Jonker told MyBroadband this approach was problematic, as the government had not gazetted the regulations at this point or immediately following Ramaphosa’s statement.

Various parties within the alcohol industry, ranging from producers to suppliers and distributors, were caught off-guard by the ban – saying that they received no warning of the change beforehand.

Ten Cape Town restaurants are now challenging the ban of the sale of alcohol at restaurants and have lodged a notice of motion in the Western Cape High Court.

These restaurants are also seeking a declaratory order to have the 21:00 curfew extended to 23:00 for patrons.

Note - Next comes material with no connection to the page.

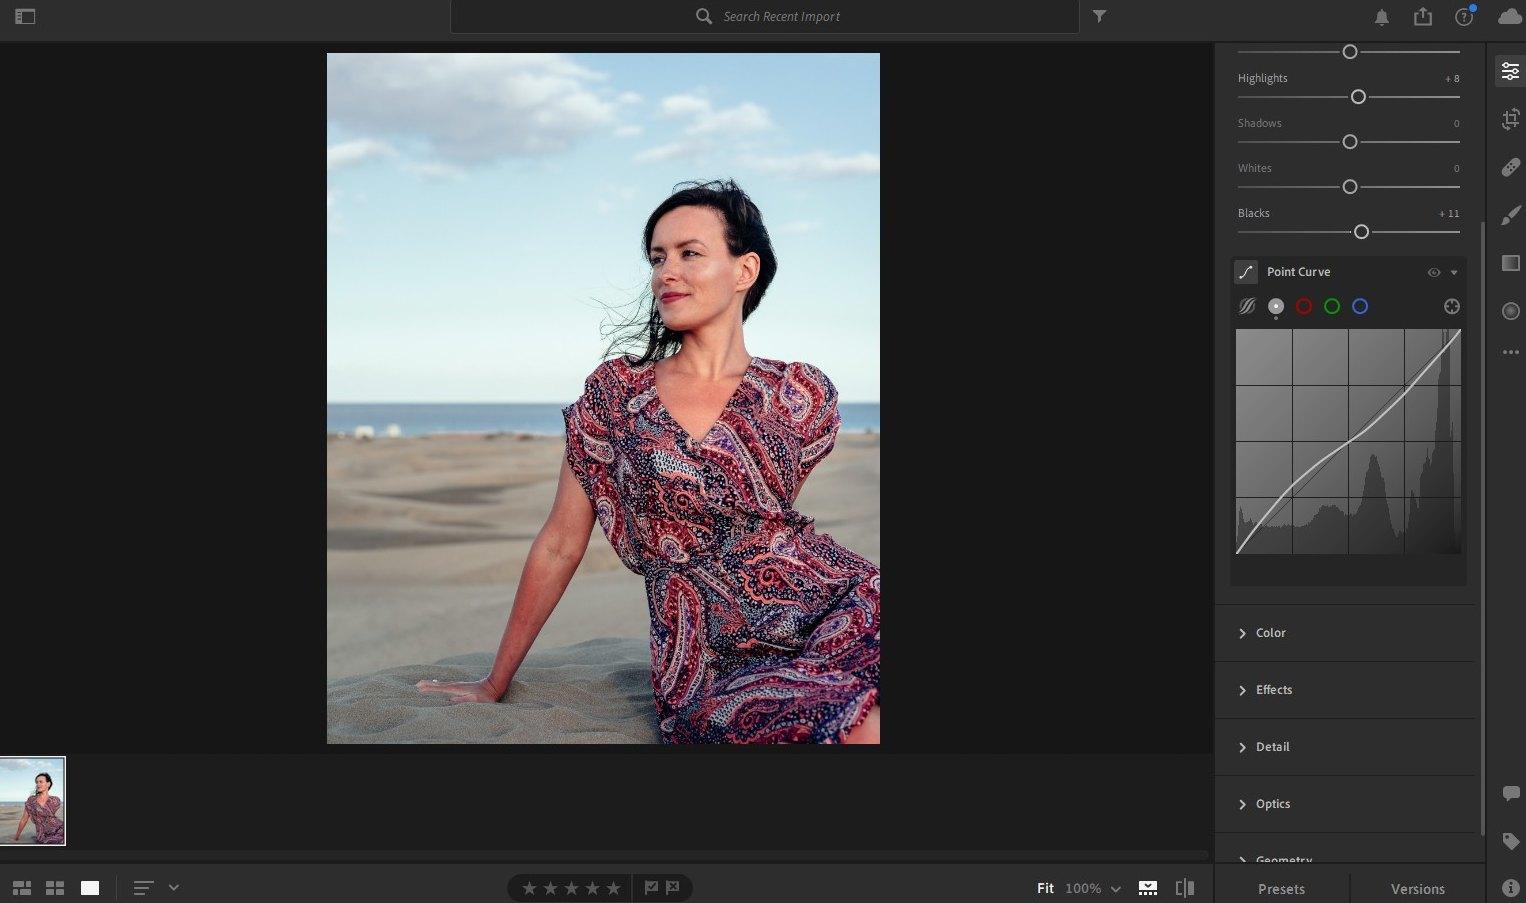 lightroom portrait editing - point curve

Various ministers are respondents, including the Minister of Cooperative Governance and Traditional Affairs, Minister of Tourism, and Minister of Trade, Industry and Competition.

The Southern African Agri Initiative (SAAI) is also planning legal action to allow the sale of wine in restaurants.

SAAI CEO Francois Rossouw said they will bring this legal action on behalf of 120 wine farmers which are fighting for survival amidst the alcohol ban.

Distell CEO Richard Rushton said they will “exhaust every possible communication channel” in their bid to get the alcohol ban lifted.

He added that they are also seeking legal advice on the matter as they have not been consulted on the ban, which was unreasonable.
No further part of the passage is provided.